Use say $15,2,2,2,2,2,2,1$ rather than your $1,1,2,2,1,2,2,1$ and you should be flying (assuming the code handles these larger values, and does not use the optimization enabled by the fact that after removing the first value in the DES key schedule table $1,1,2,2,2,2,2,2,1,2,2,2,2,2,2,1$, the $15$ remaining entries are a palindrome). Note: I have changed my suggested values so that the subkeys used match the ones in the last $8$ rounds of encryption in standard DES; that reuses some of the work made by DES designers when crafting PC-2 w.r.t. the key schedule.
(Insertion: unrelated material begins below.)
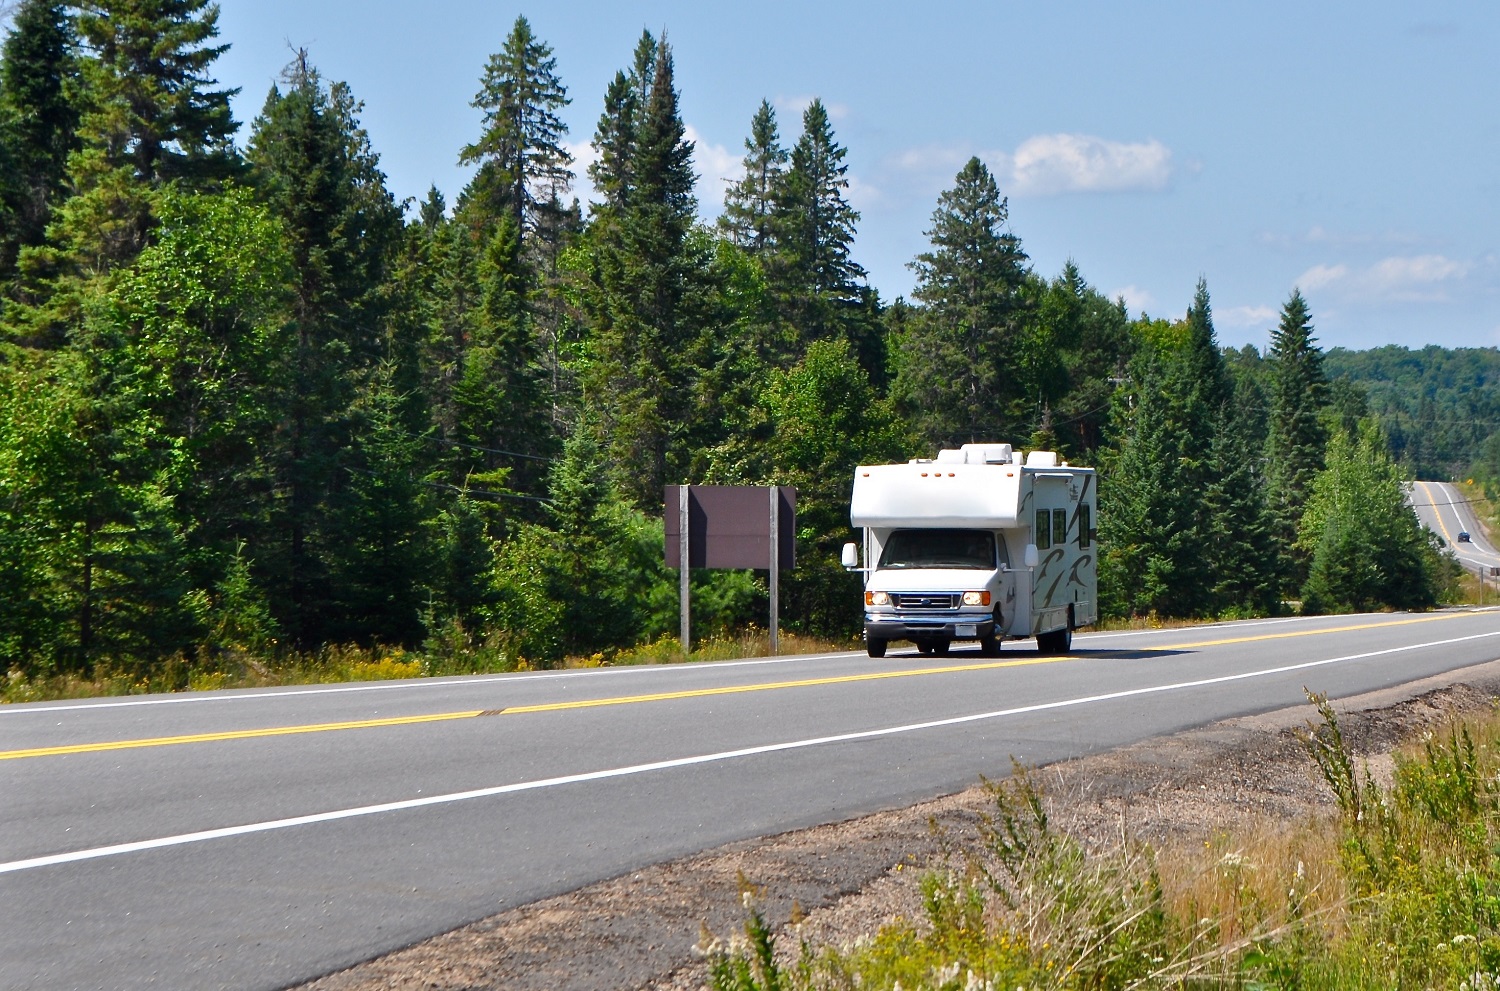 Kids Love Travel: Costs of a camper holiday in the States

Alternatively, use $1,1,2,2,2,2,2,2$ for encryption and make an extra rotation by $14$ before decryption. That way we use the same subkeys as for the first $8$ rounds of encryption in standard DES.
Update: the modified question tells us that the implementation uses different tables for encryption and decryption. In that case, $1,1,2,2,2,2,2,2$ for encryption and $14,2,2,2,2,2,2,1$ for decryption should work (with rotation counts in opposite directions and before the use of the generated subkey). The first decryption value must equal the sum of encryption values$\pmod{28}$. The following decryption values are obtained by dropping the first encryption value and reversing the list.
Caution: care should be taken that all keys bits are used about evenly and regularly, by considering the interaction of rotation counts with PC-2. Because I'm lazy I kept the original first $8$ $rotations, which is at least not disastrous in this respect.